Lesson: The repair guy gave us advice that was good for us (don't do the repair, buy a new dishwasher) and bad for him (him losing out on the $300 charge). We decided to buy a new dishwasher. But, since he was honest and gave us good advice, we will use this repair guy again and definitely recommend him to others if ever asked. So, do the right thing now, even if you have to forego short-term profits, and you will get rewards later.
Step 4: I looked online for dishwashers. What I cared about in the purchase were the following: price, cleans well, time savings (i.e., don't need to rinse dishes before loading), looks nice (we wanted a stainless steel front), and is relatively quiet.

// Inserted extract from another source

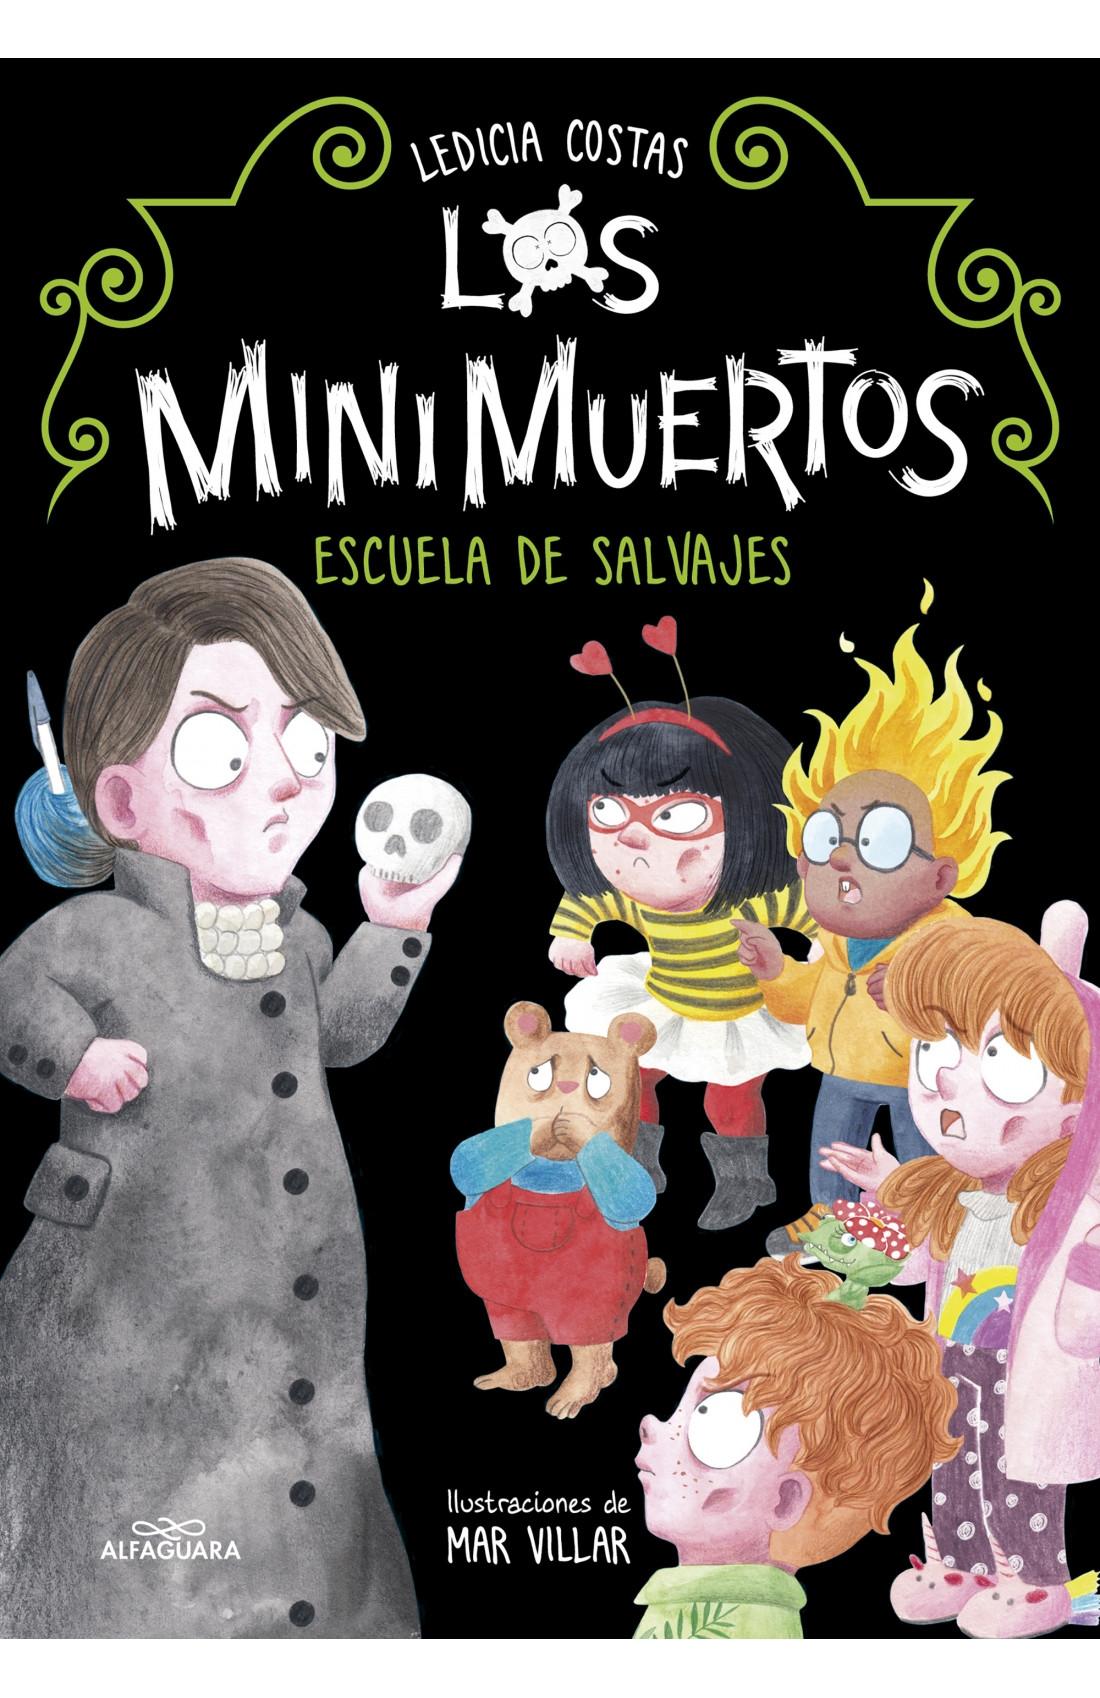 Los Minimuertos 3 "Escuela de Salvajes".

Lesson: not every customer cares about every feature. Many of the dishwashers promoted 9 different programs and cycles (like special cycles for glassware). My wife nor I have ever used these, so we didn't care too much about them.
Another lesson: I looked at customer reviews online to see what others said about the different dishwasher models. If you sell someone a product or service, you should follow-up with them to make sure they are satisfied (or to satisfy them if they are not satisfied). Because your customers may post their comments online (or offline) which will influence your future sales.
Step 5: I bought the dishwasher. I paid extra for installation and haul-away of my old dishwasher and bought a 3-year warranty.
Lesson: These add-on sales increased the total sales price by 24% and must have increased their profits by a lot too. And these upsells were things that I wanted. The lesson is that you must upsell your customers by offering them items that will better satisfy them.
Final lesson: My wife and I don't represent every shopper. Not every shopper goes online to try to solve a problem themselves or to compare products. Not every shopper doesn't care about certain product features. And not ever shopper is going to take your upsells.
But, make sure you figure out your main customer segments, think about how they will buy and make decisions, and create sales and marketing strategies that are in line with this.